Follow-up question on implementation details in PyTorch
PyTorch provides an SVD routine for GPU-accelerated computations. In practice, you might use this for deep learning tasks that require dimension reduction or for analyzing layer weights in neural networks.
import torch
M_torch = torch.tensor([[1., 2., 3.],
[4., 5., 6.]])
U_torch, S_torch, V_torch = torch.svd(M_torch)
# Reconstruct
Sigma_torch = torch.zeros_like(M_torch)
for i in range(len(S_torch)):
Sigma_torch[i, i] = S_torch[i]
reconstructed = U_torch.mm(Sigma_torch.mm(V_torch.t()))

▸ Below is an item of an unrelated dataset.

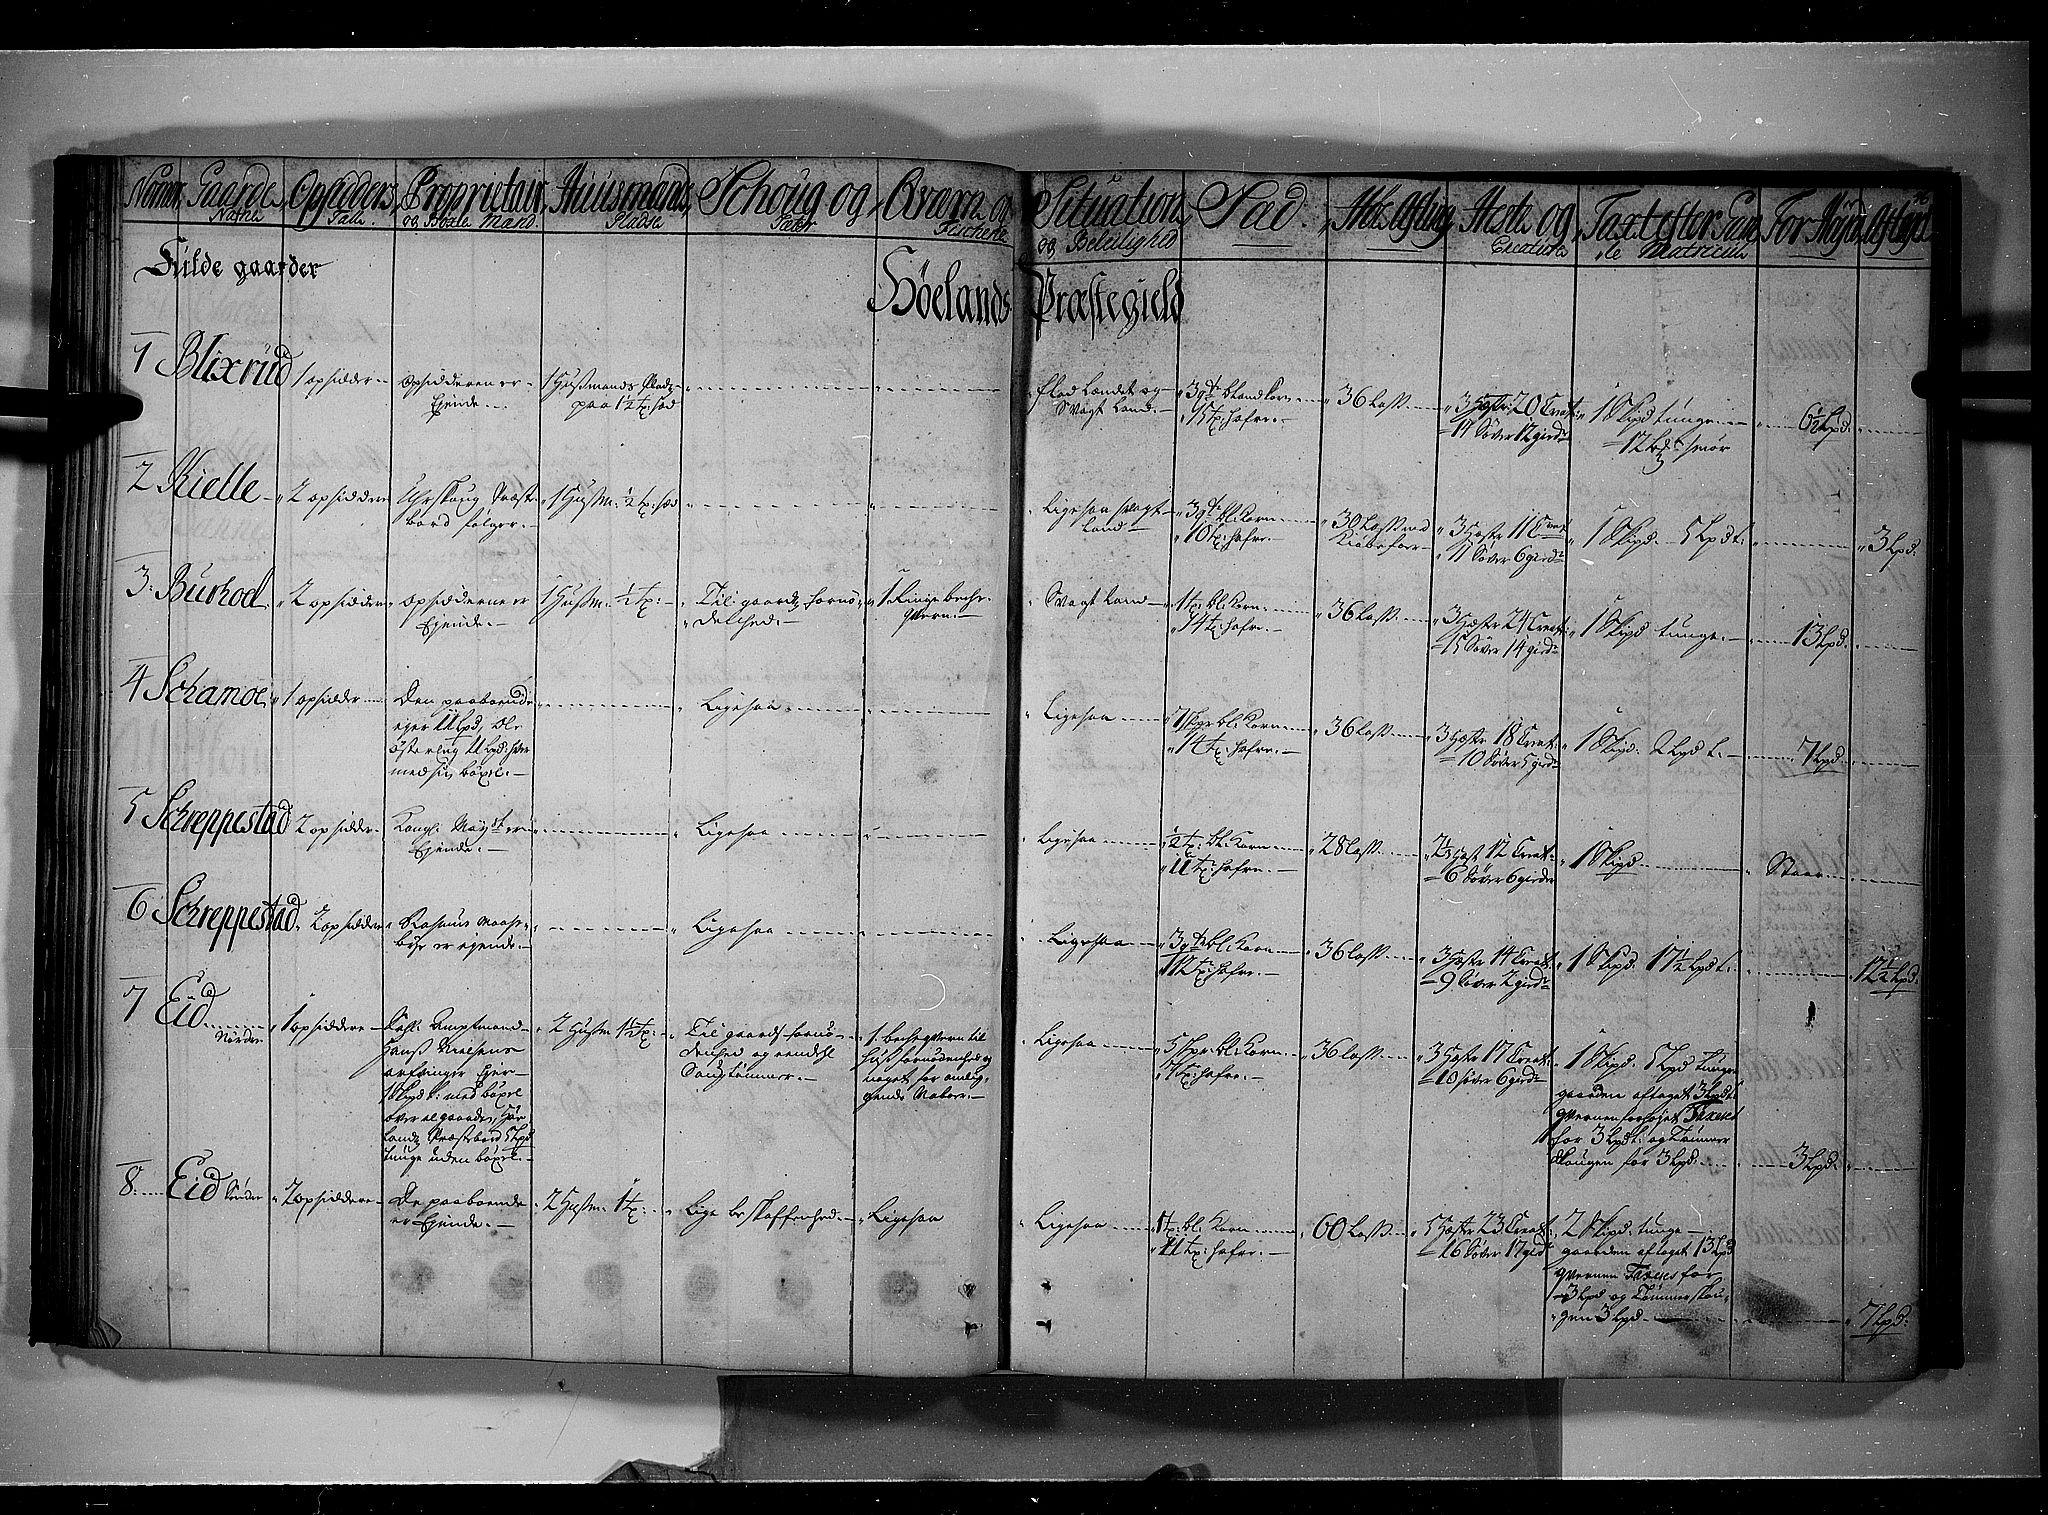 RA, Rentekammeret inntil 1814, Realistisk ordnet avdeling, N/Nb/Nbf/L0091: Nedre Romerike eksaminasjonsprotokoll, 1723, s. 45b-46a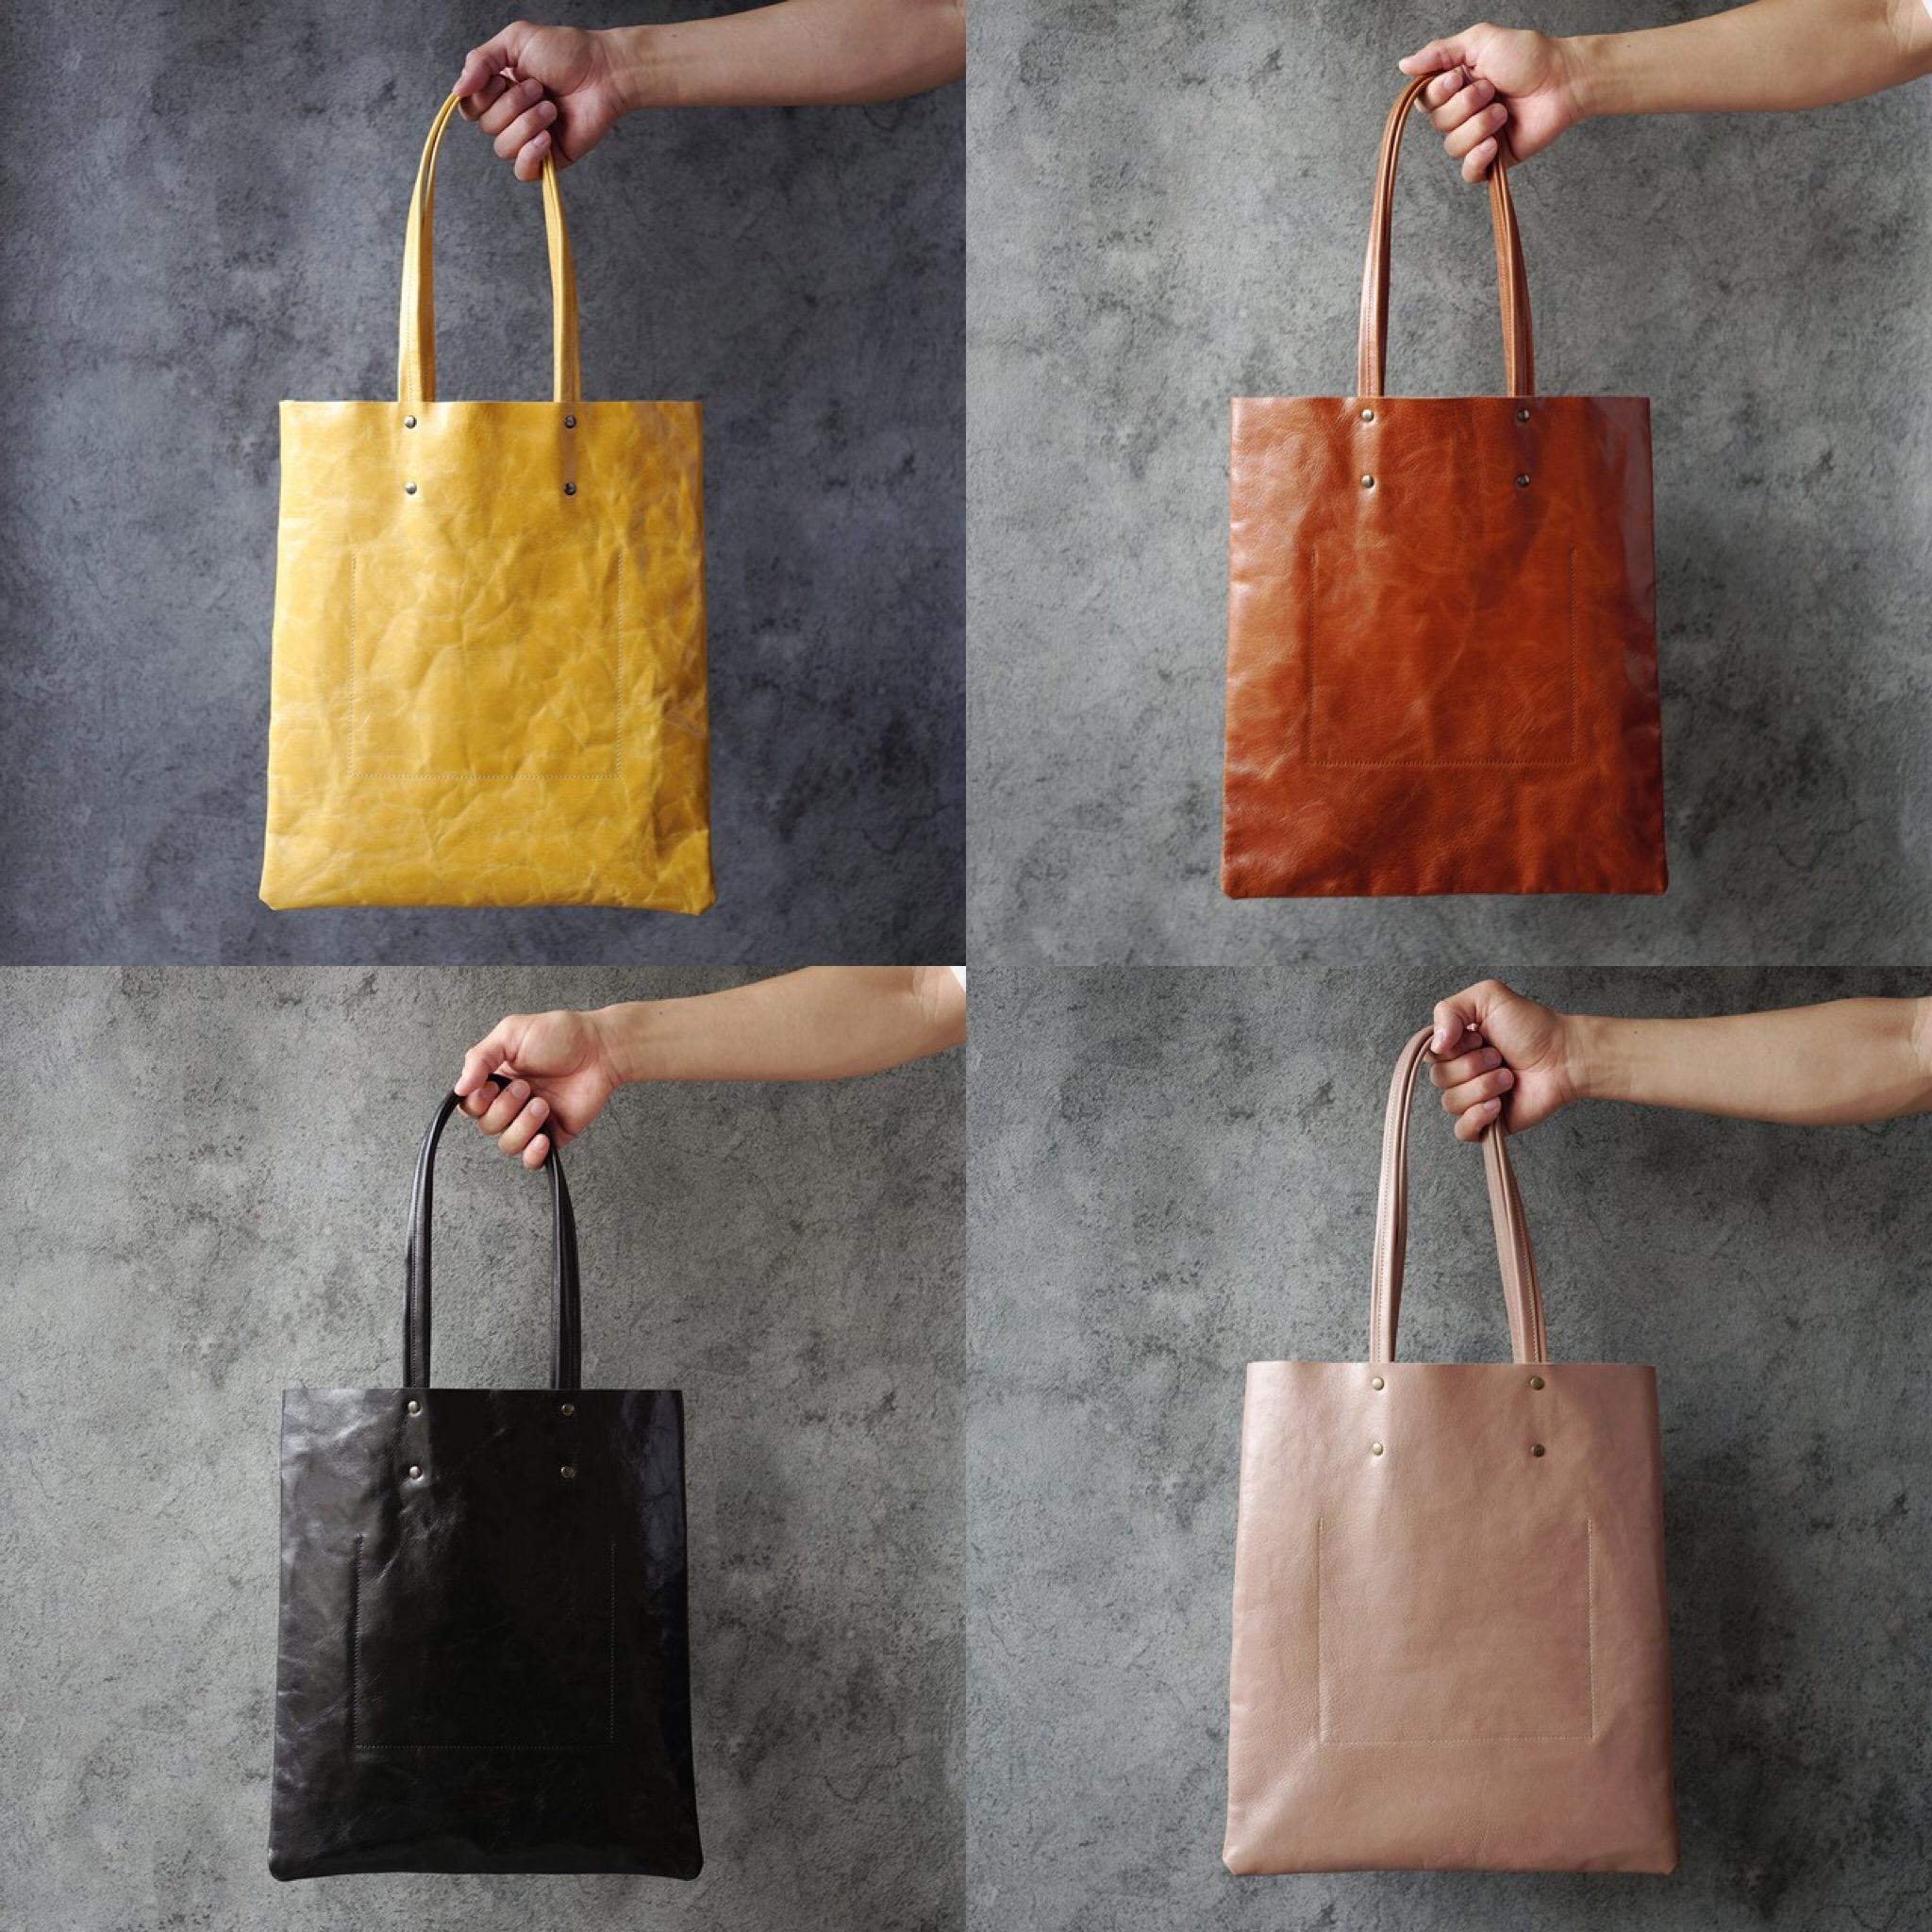 ゴートのトートバッグ(受注生産)は気軽に持てるレザーバッグです。

This shows how to perform a basic SVD in PyTorch. The reconstruction of M is done by multiplying U, Σ, and V^T. In newer versions of PyTorch, torch.linalg.svd
is recommended for its improved numerical properties.
Follow-up question on edge cases
SVD might fail to converge if:
The matrix elements are extremely large or extremely small, leading to numerical instability.
The matrix is ill-conditioned (though SVD is typically one of the more stable decompositions).
Most modern linear algebra libraries handle these issues using robust algorithms and well-chosen stopping criteria.